Data excerpts:

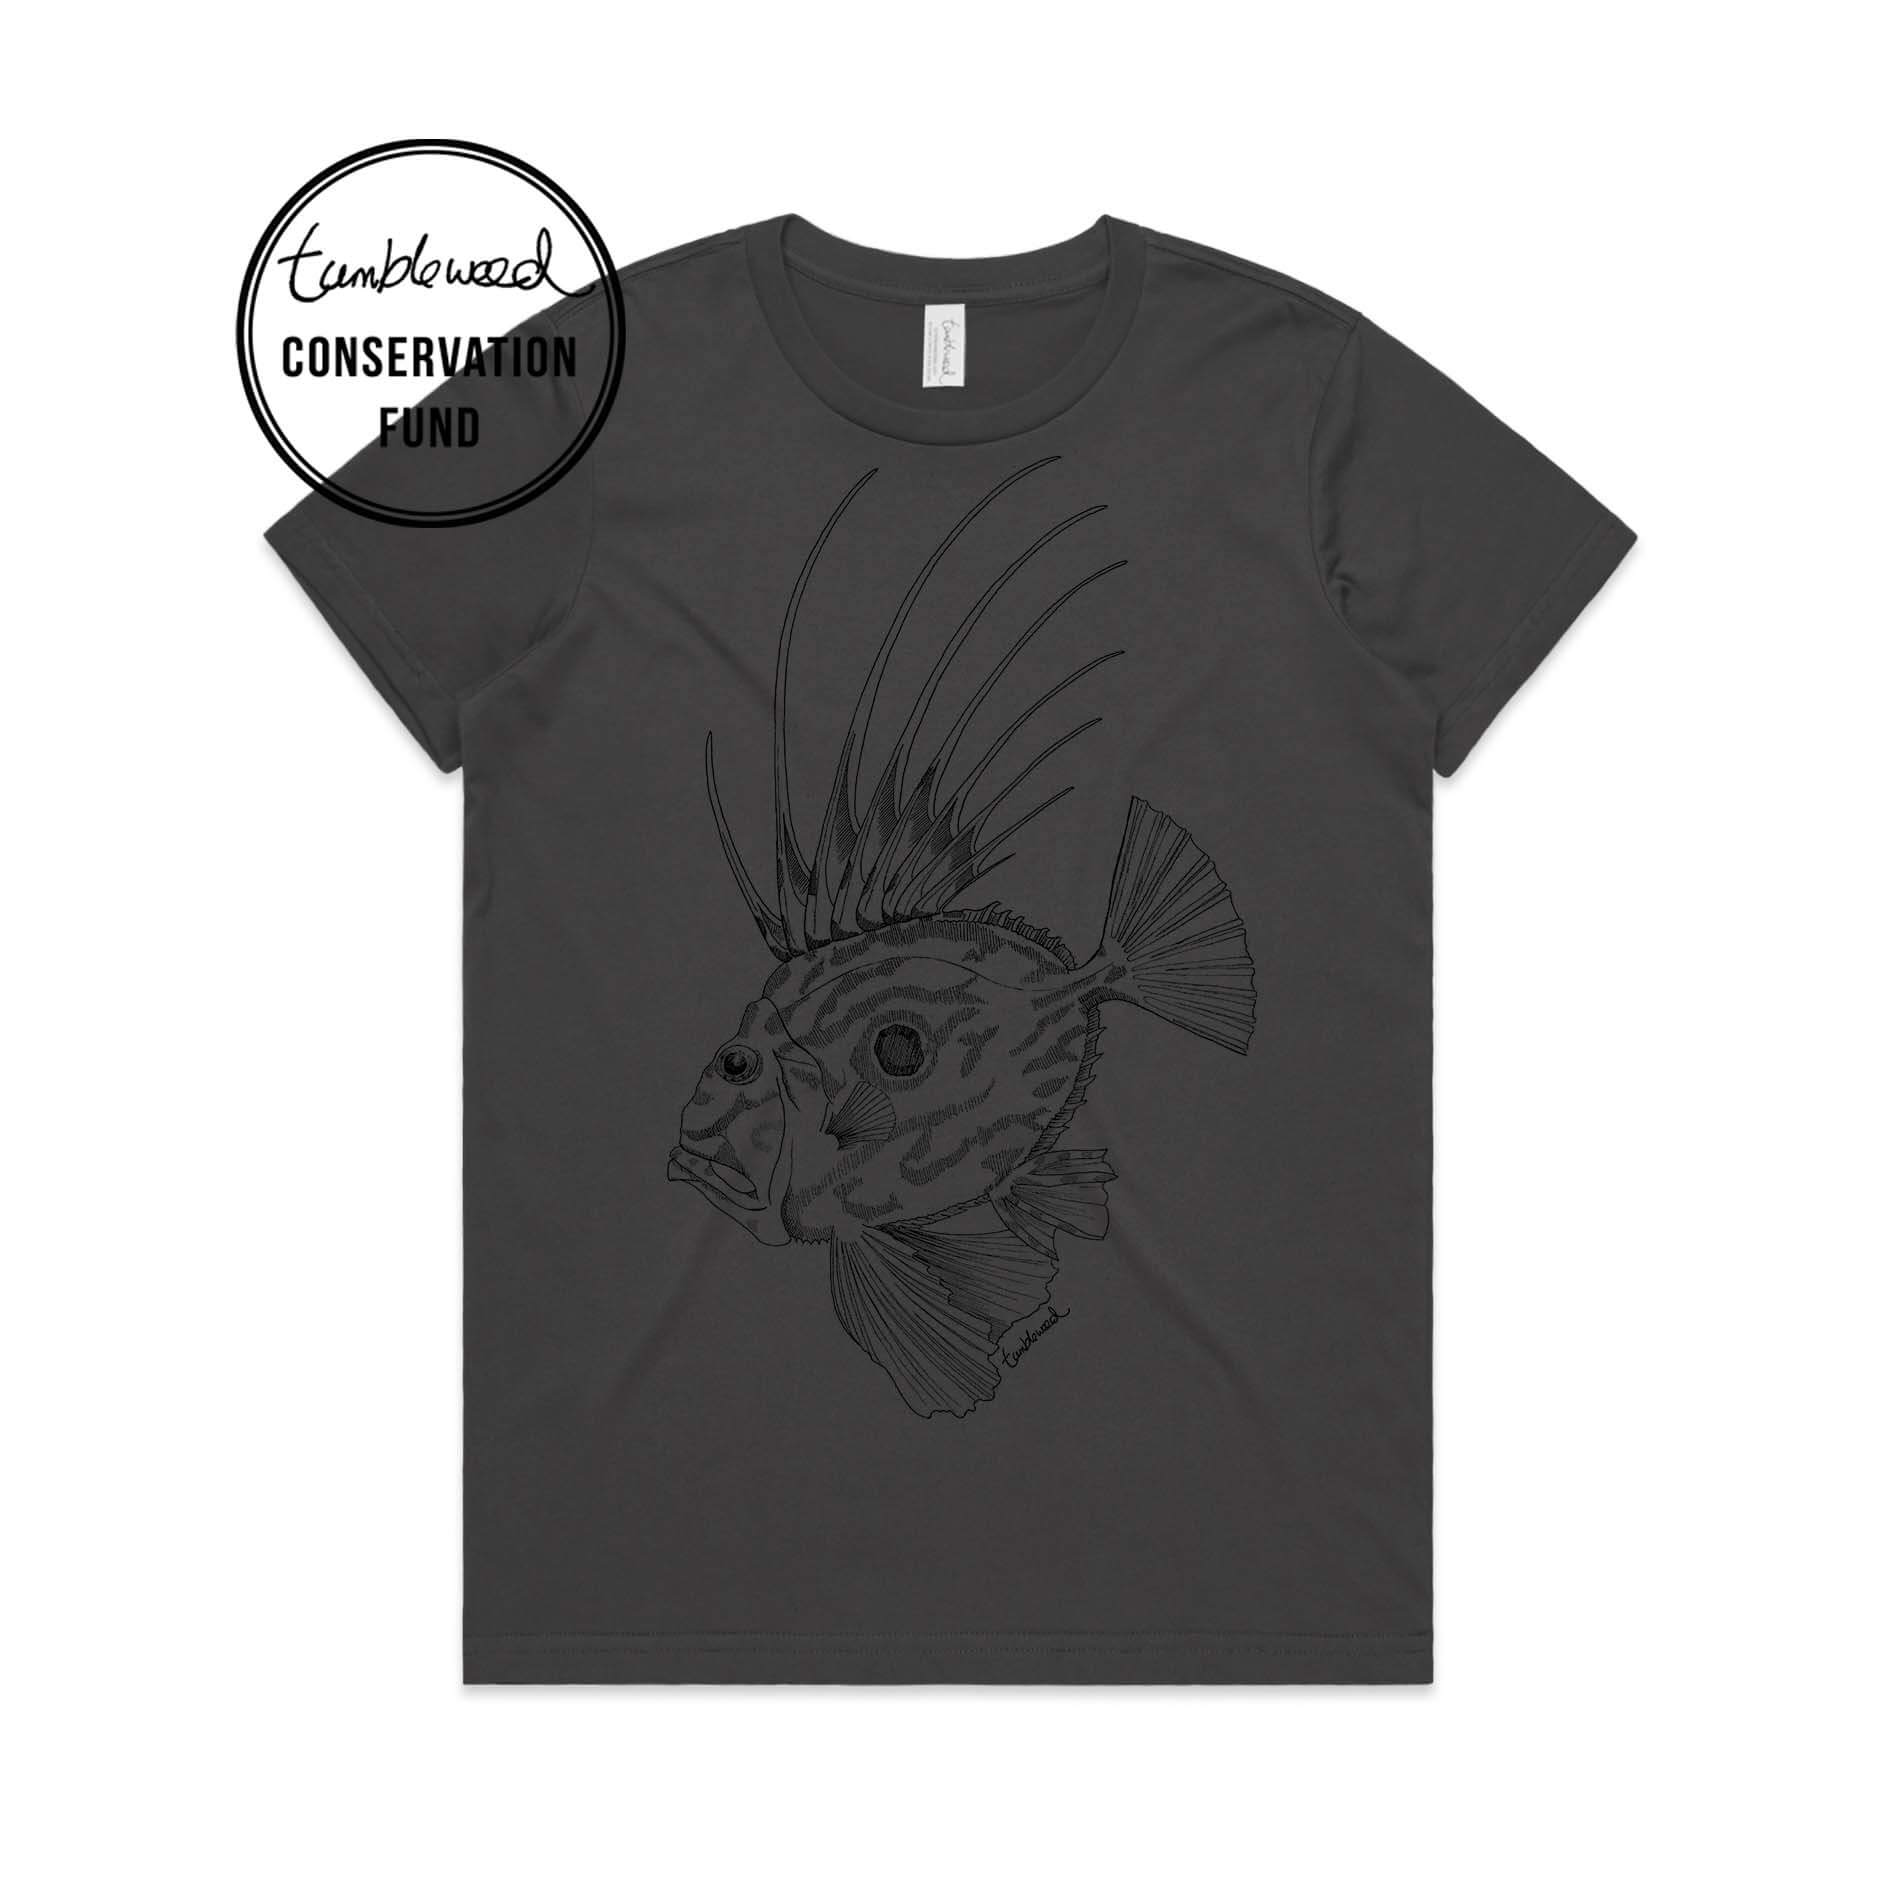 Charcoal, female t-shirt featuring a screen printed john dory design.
==
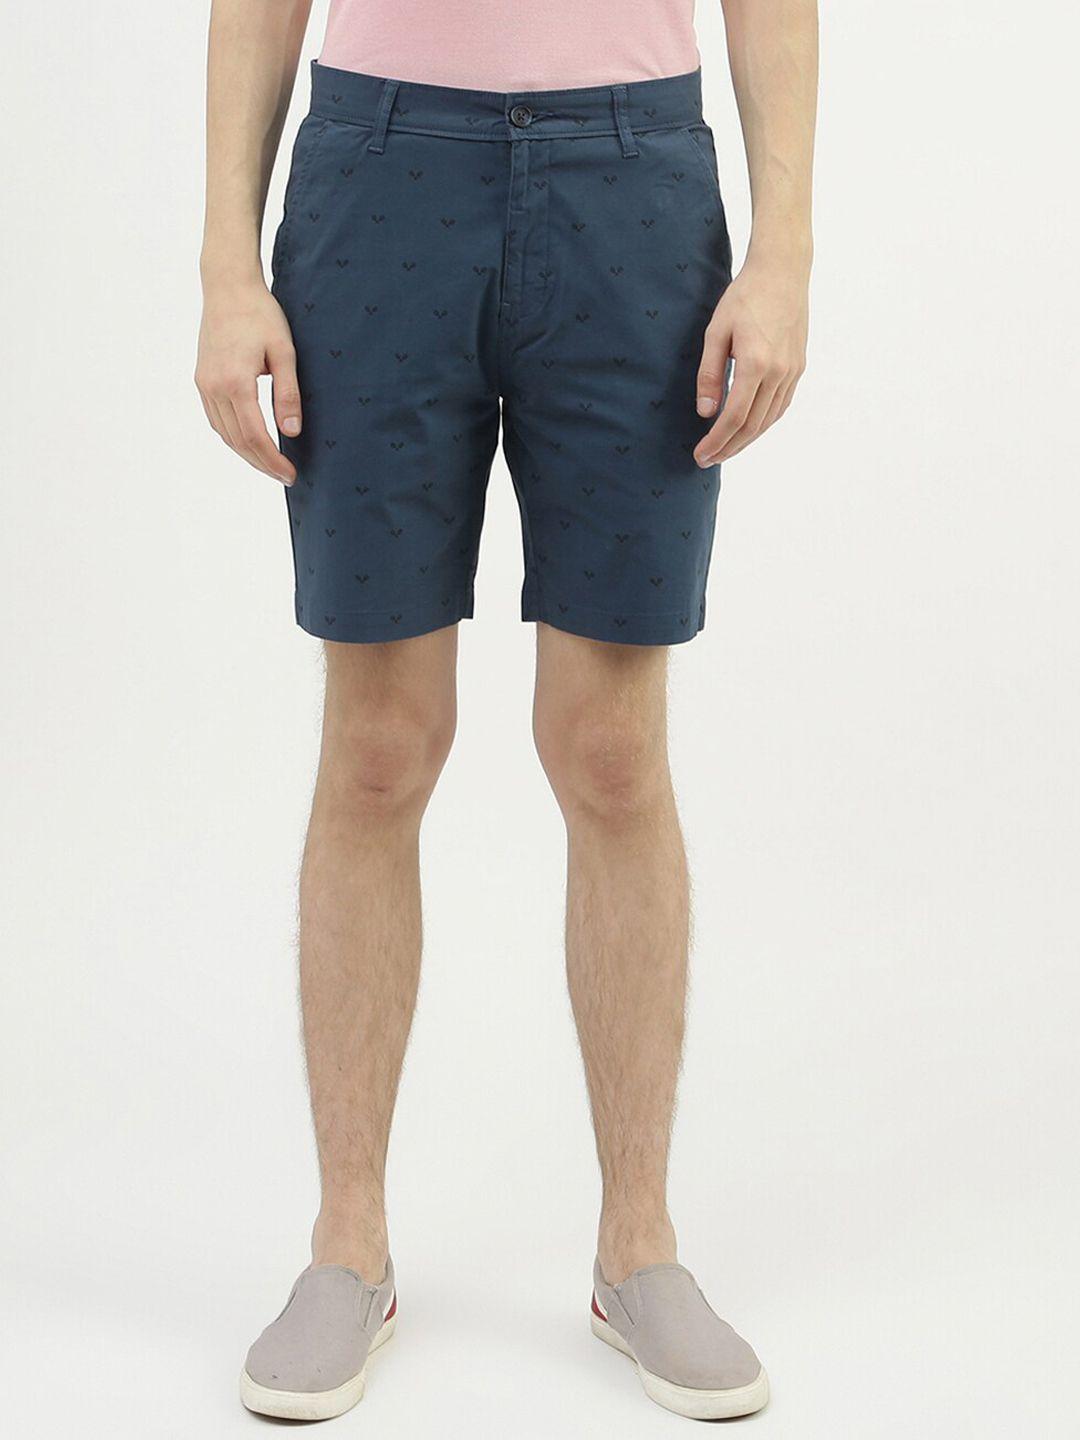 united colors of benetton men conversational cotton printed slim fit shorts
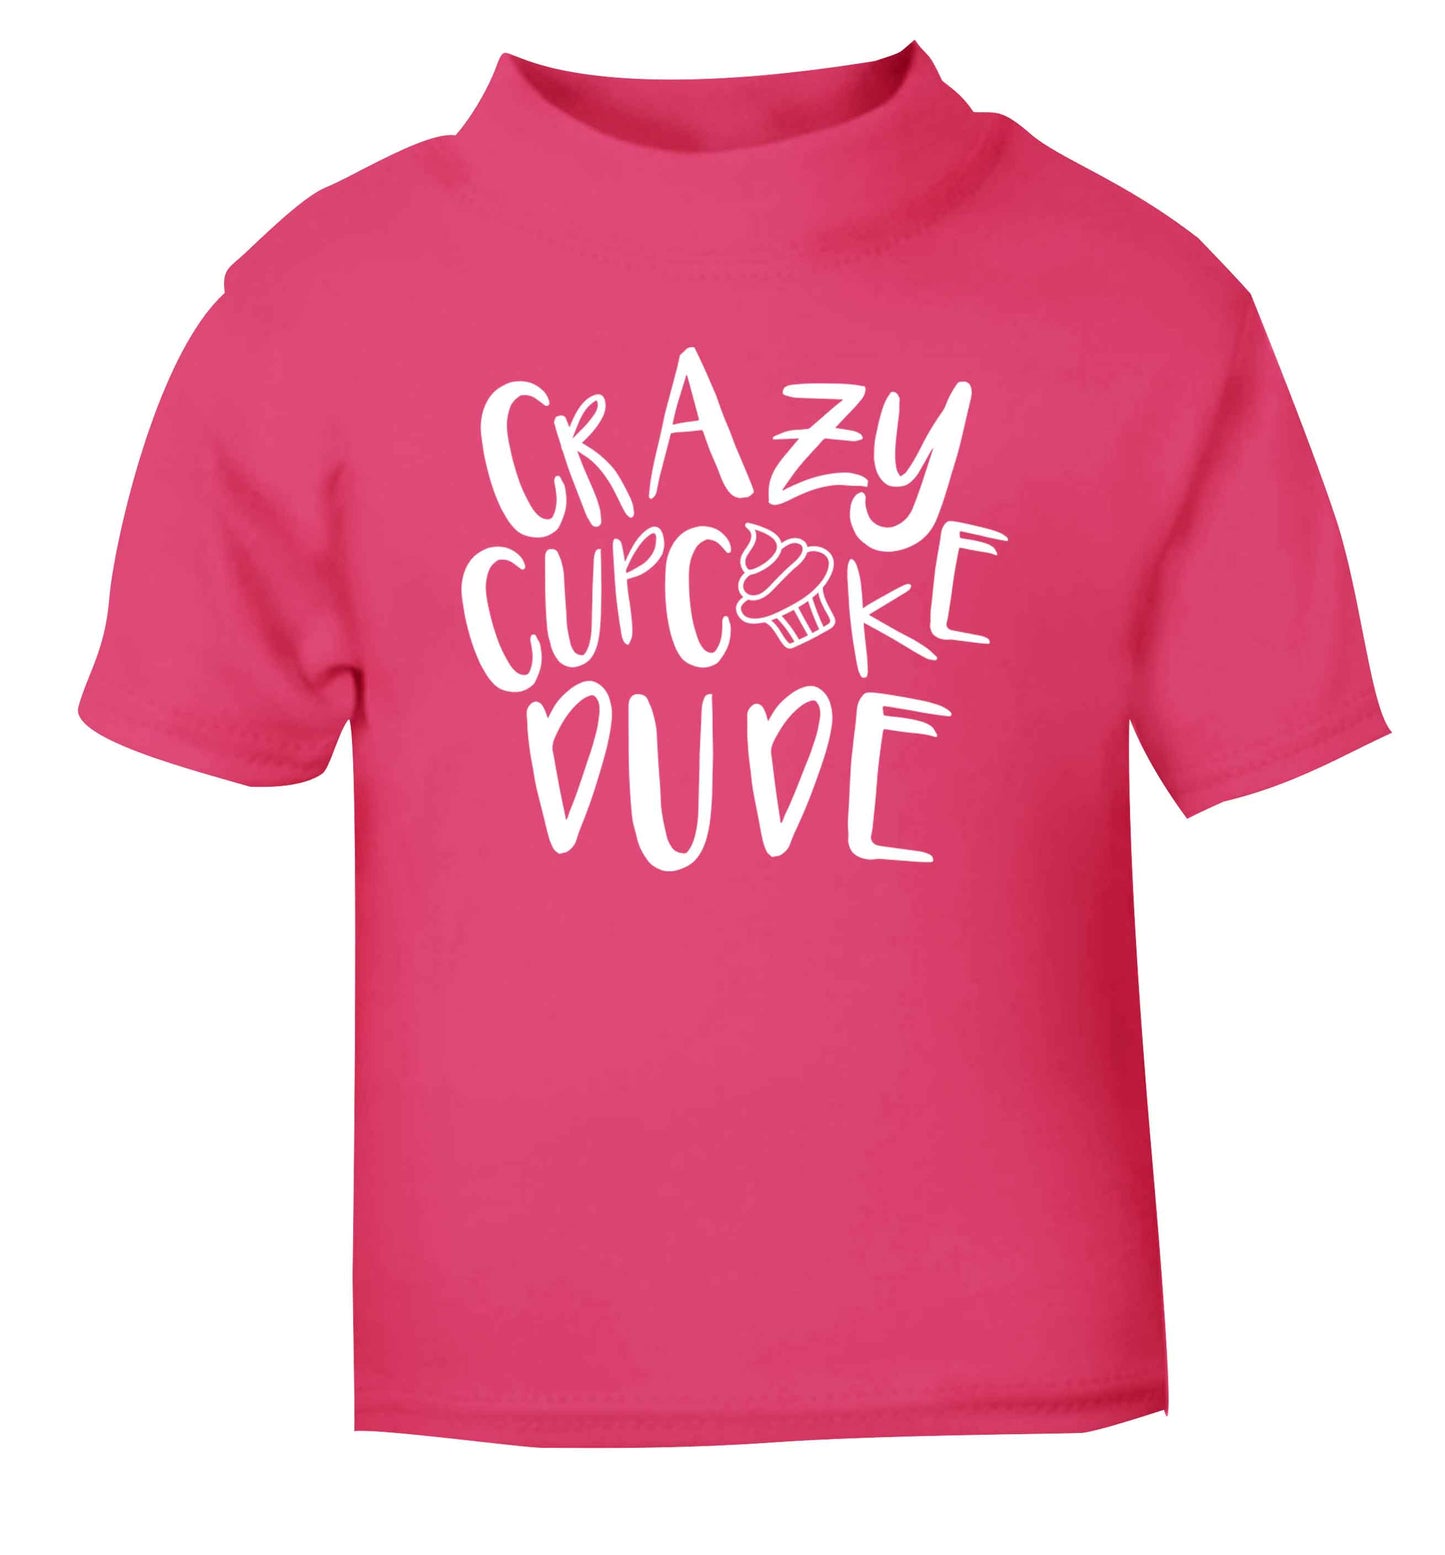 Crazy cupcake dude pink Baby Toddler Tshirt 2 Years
==
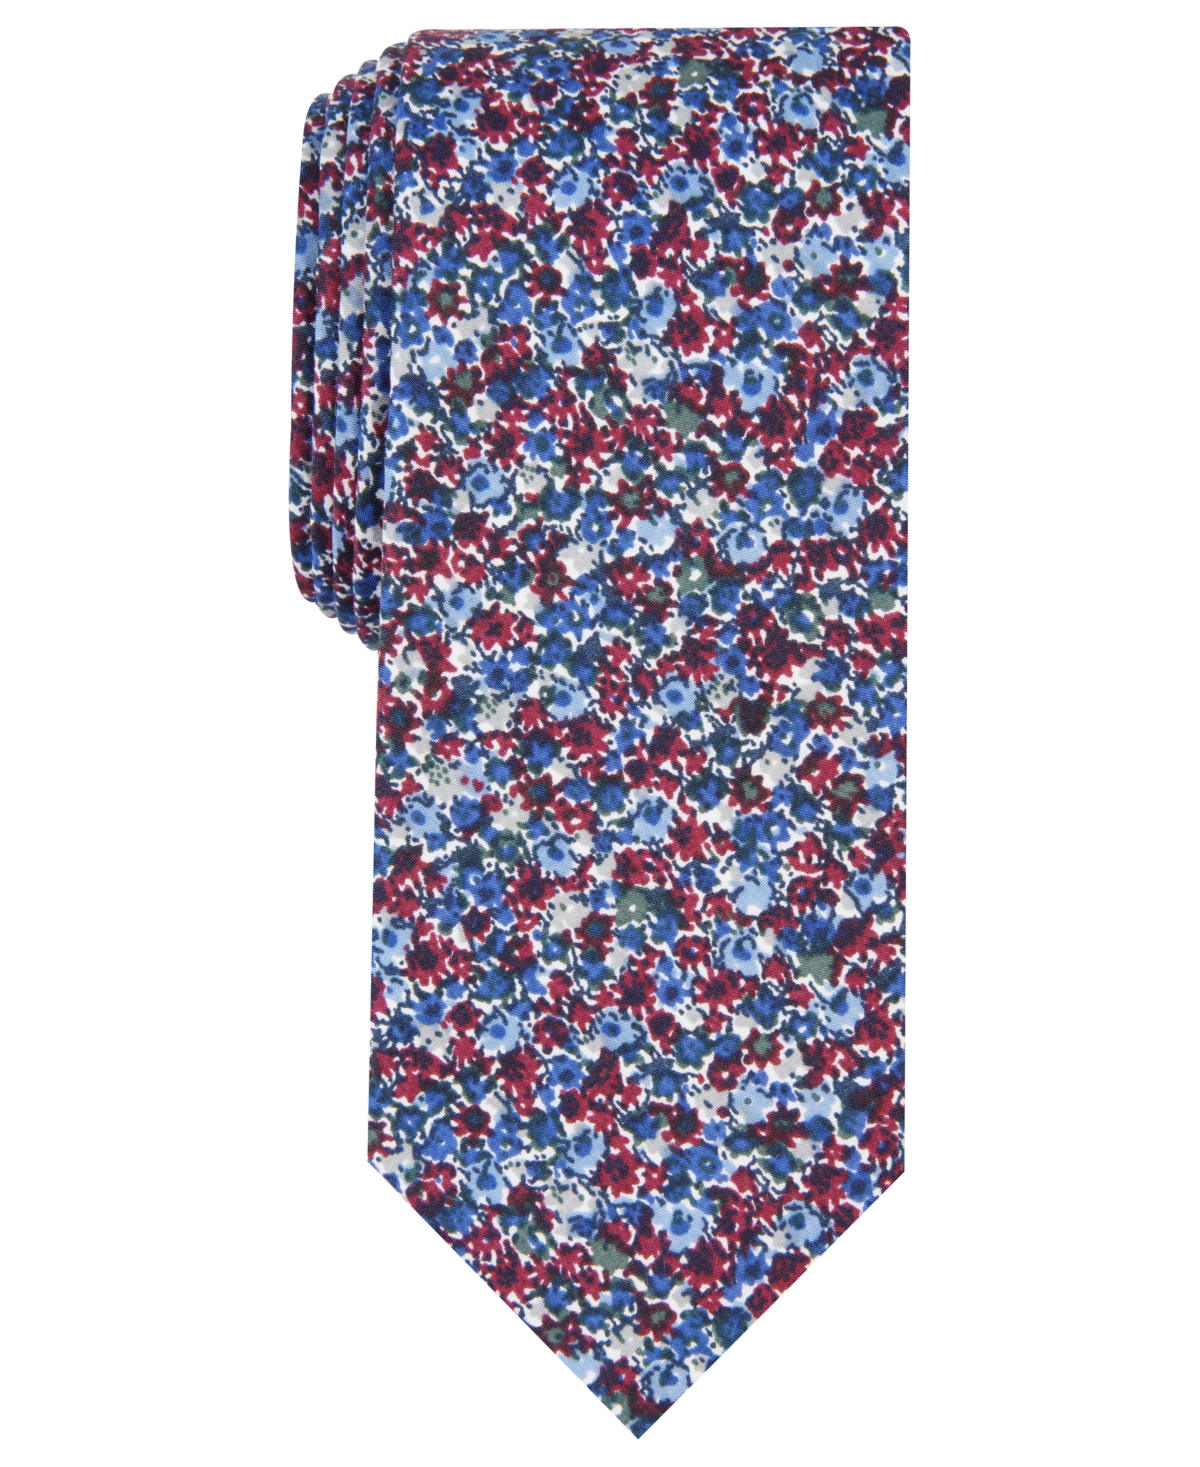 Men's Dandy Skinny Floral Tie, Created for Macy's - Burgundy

Instructions for the task: Among the entries above, locate the line with "united colors of" and the line with "Crazy cupcake dude". Give those two lines and all lines between them again, exactly, leaving out the pictures.

Solution:
 united colors of benetton men conversational cotton printed slim fit shorts
 Crazy cupcake dude pink Baby Toddler Tshirt 2 Years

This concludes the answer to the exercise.